--- Provided material Enclosed Below ---

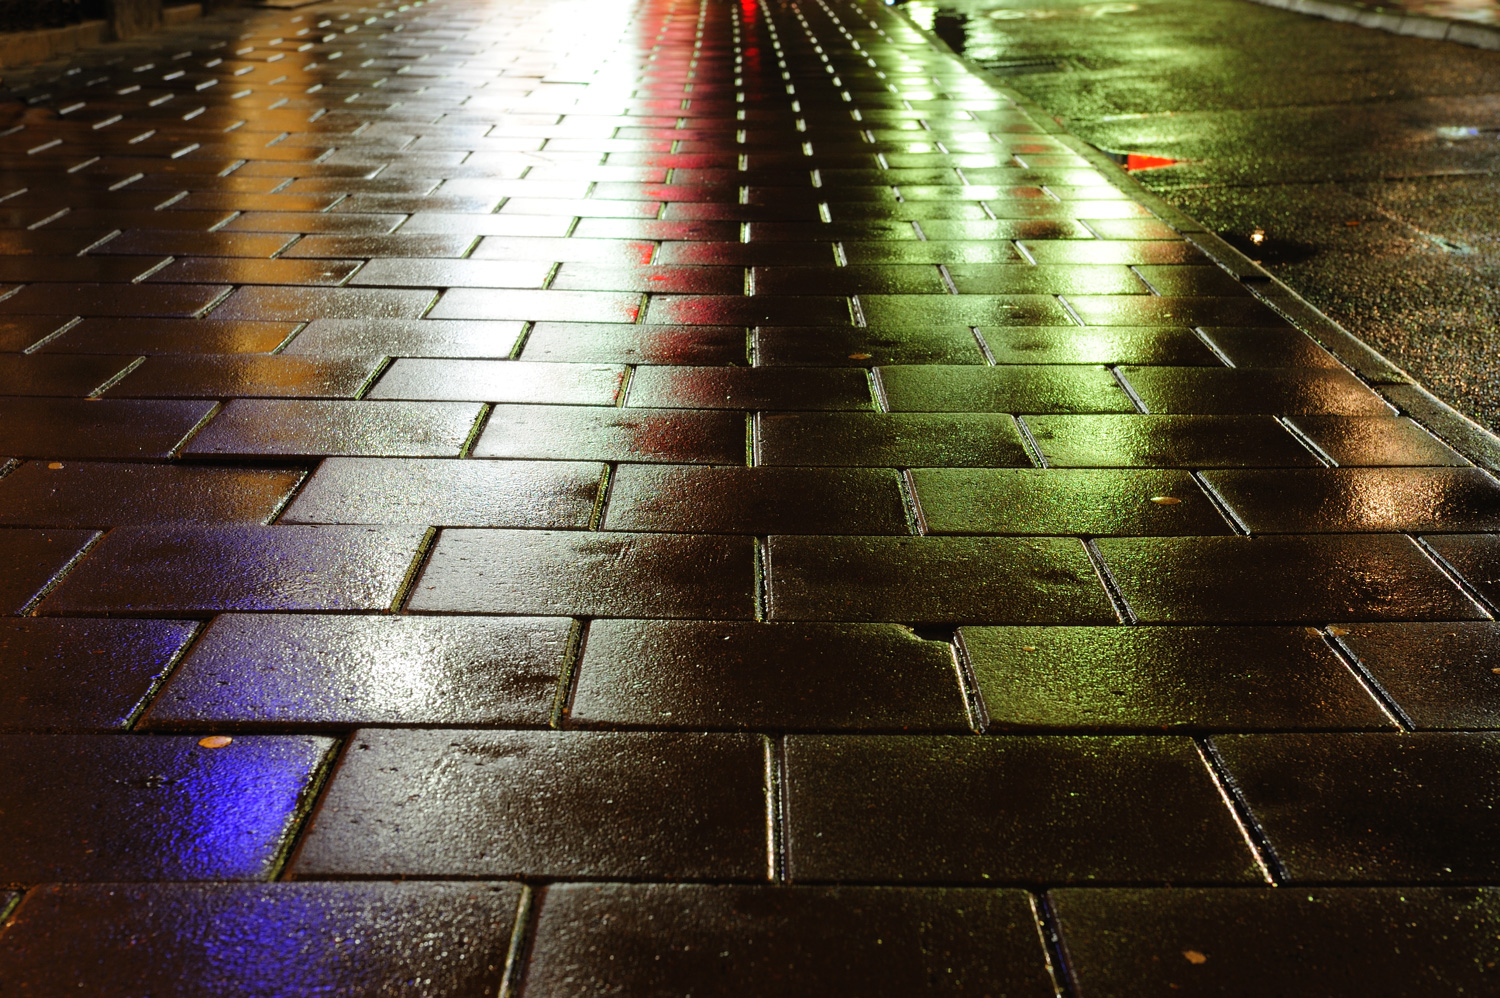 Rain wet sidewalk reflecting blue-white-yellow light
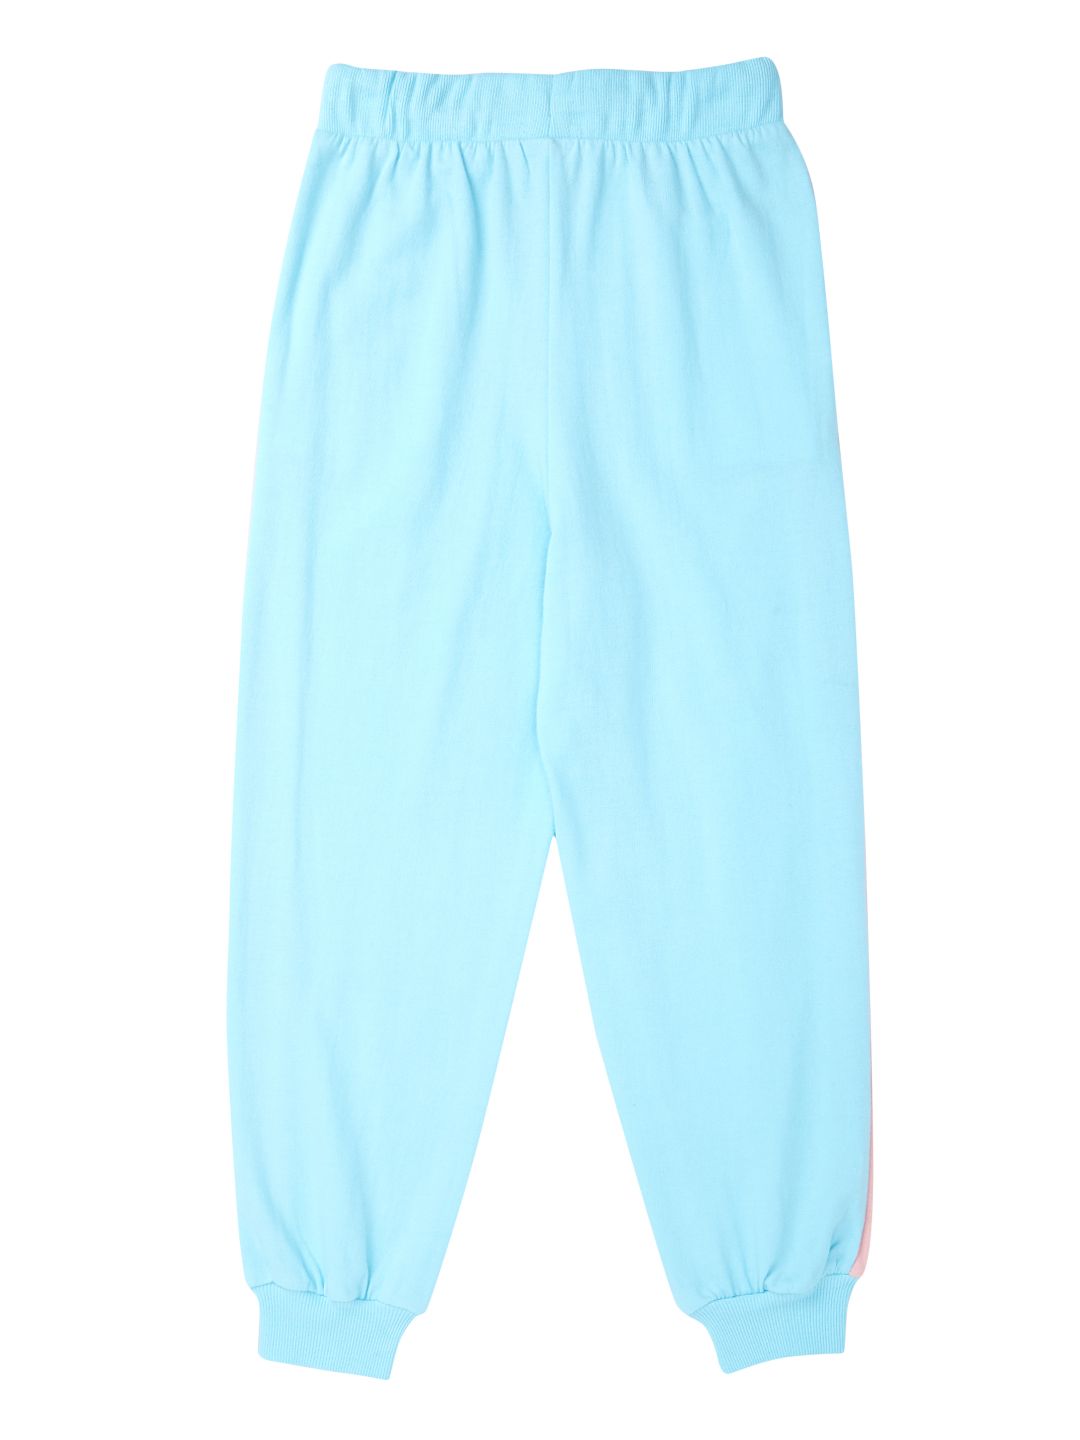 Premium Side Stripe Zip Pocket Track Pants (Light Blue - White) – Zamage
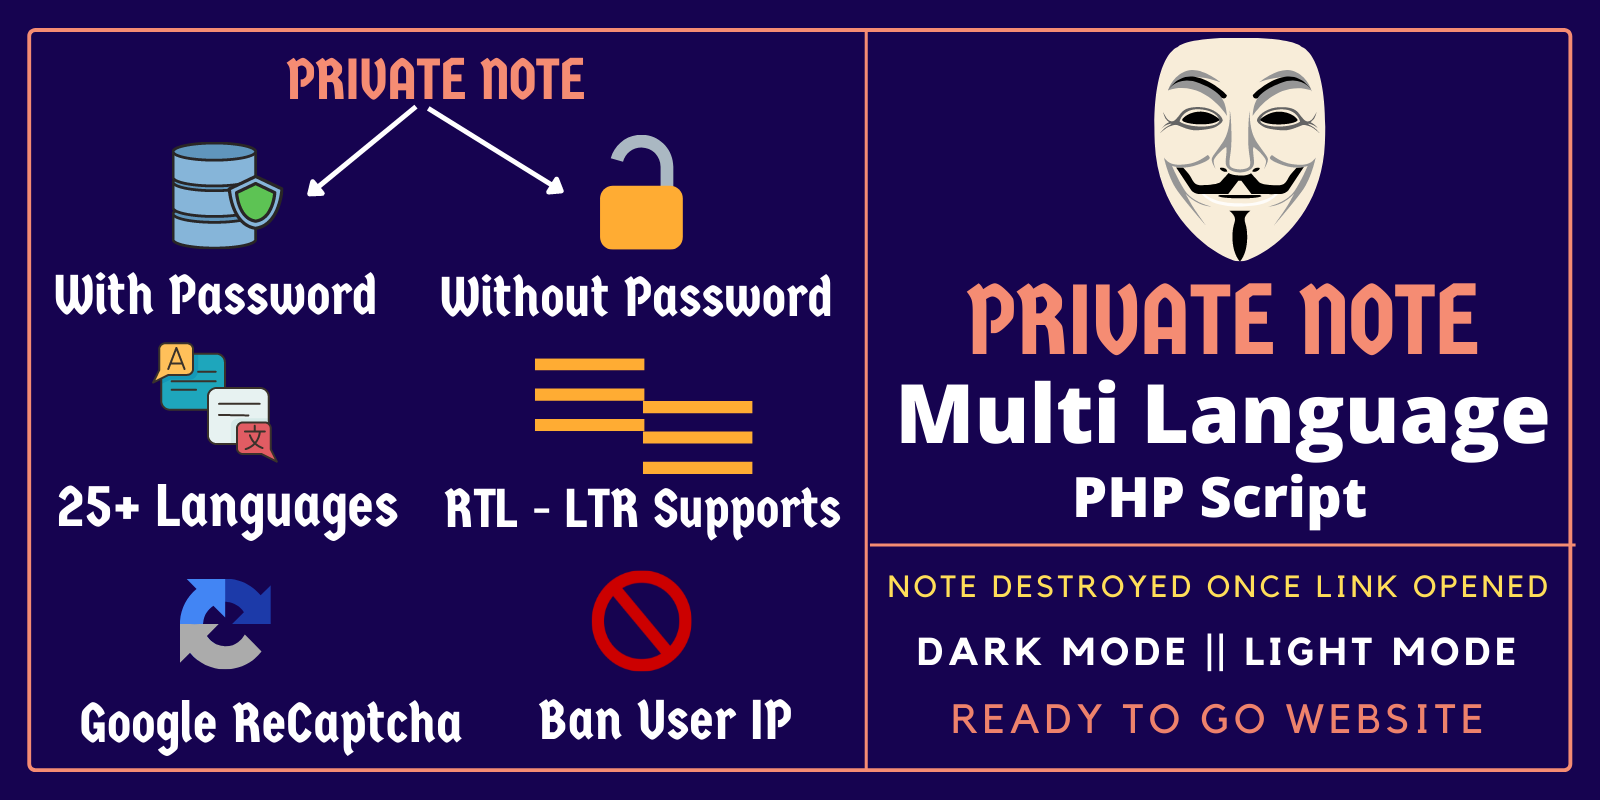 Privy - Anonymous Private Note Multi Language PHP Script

--- End of Enclosed Provided material ---

Task description ::
An acceptable answer consists of the lines above from the one holding "Premium Side Stripe" to the end of the data, repeated exactly and containing no pictures.

Answer to the exercise ::
 Premium Side Stripe Zip Pocket Track Pants (Light Blue - White) – Zamage
 Privy - Anonymous Private Note Multi Language PHP Script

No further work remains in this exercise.